The agency also said that although Chinese industrial and innovation policies focused on expanding solar panel production, and whereas markets have helped solar PV become the most affordable electricity generation technology in many parts of the world; it has also led to imbalances in solar PV supply chains.
According to the report, China’s share in all the key manufacturing stages of solar panels has gone above 80%.
The IEA executive director, Fatih Birol, said that “China has been instrumental in bringing down costs worldwide for solar PV, with multiple benefits for clean energy transitions.
“At the same time, the level of geographical concentration in global supply chains also poses potential challenges that governments need to address. Accelerating clean energy transitions around the world will put further strain on these supply chains to meet growing demand, but this also offers opportunities for other countries and regions to help diversify production and make it more resilient.”
The agency in the report noted that annual additions of solar PV capacity to electricity systems around the world need to be more than quadruple by 2030 in order to be on track with its plan of reaching net zero emissions by 2050.
It stated that “As countries accelerate their efforts to reduce emissions, they need to ensure that their transition towards a sustainable energy system is built on secure foundations,” Dr Birol said.

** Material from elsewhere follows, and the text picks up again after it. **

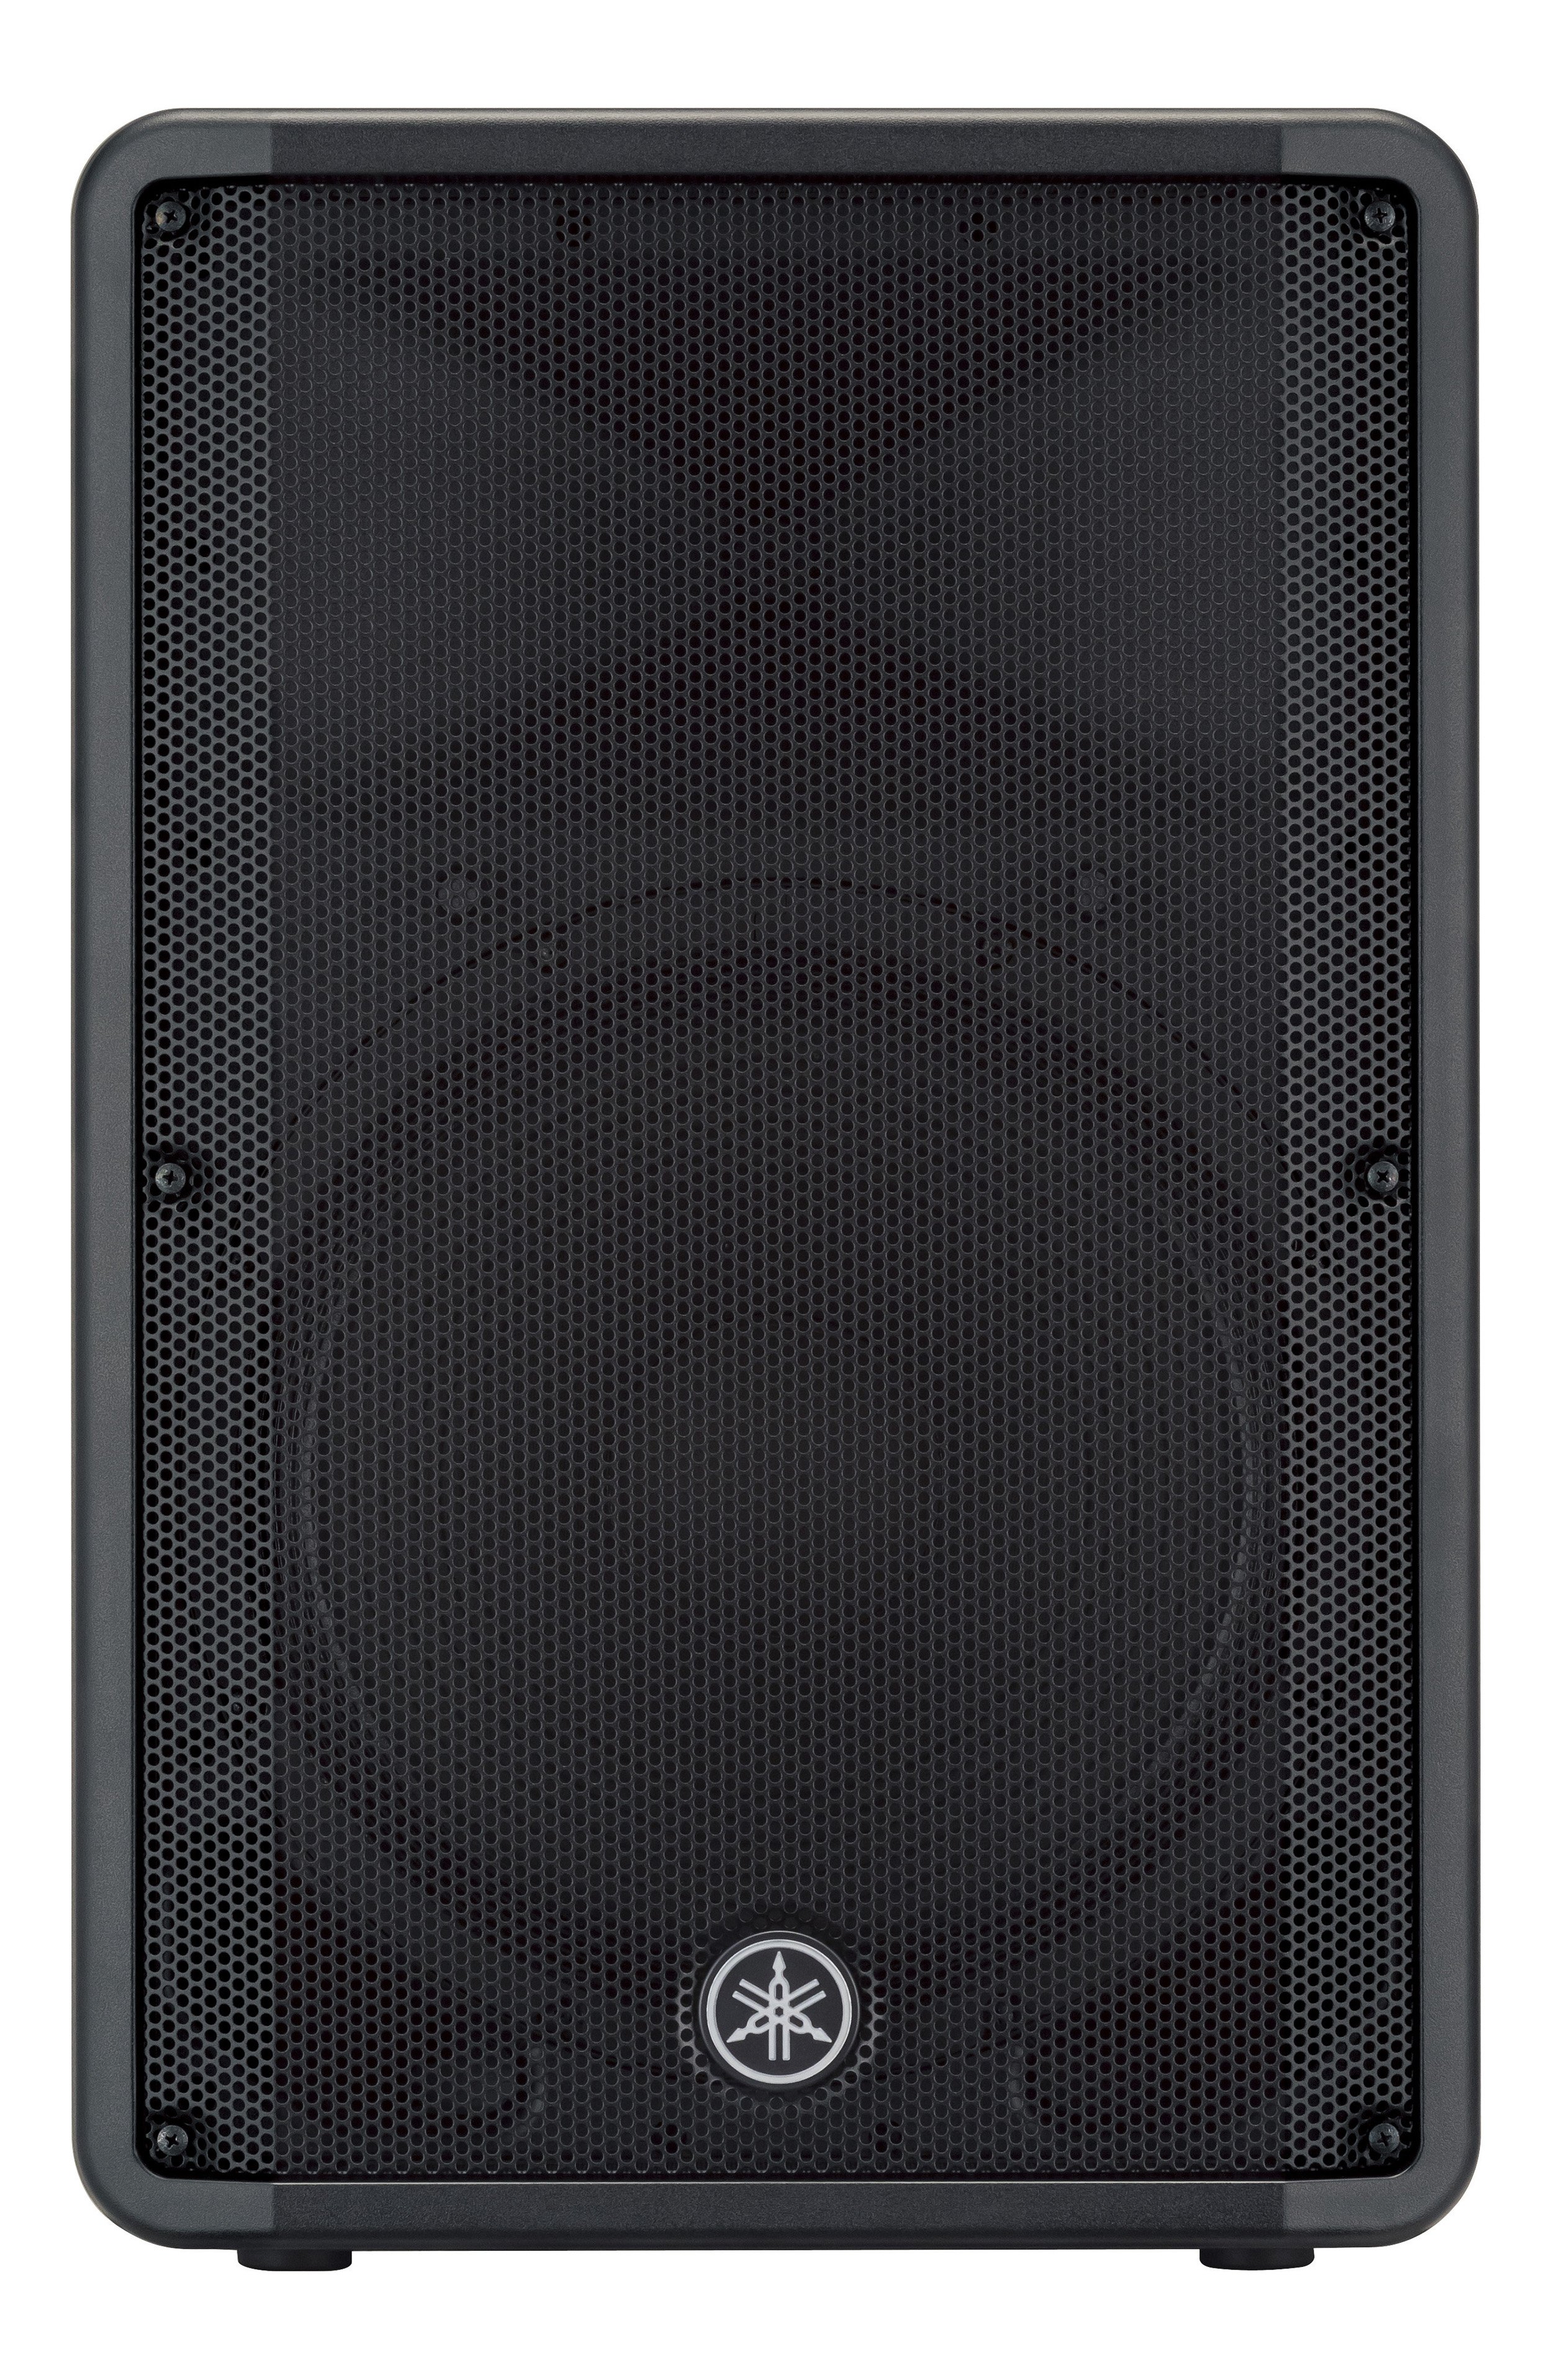 DBR series - Overview - Speakers - Professional Audio - Products

“Solar PV’s global supply chains will need to be scaled up in a way that ensures they are resilient, affordable and sustainable.”
According to the report, new solar PV manufacturing facilities along the global supply chain will attract $120 billion of investment by 2030, adding that the solar PV sector has the potential to double the number of PV manufacturing jobs to 1 million by 2030 with the most job-intensive areas in the manufacturing of modules and cells.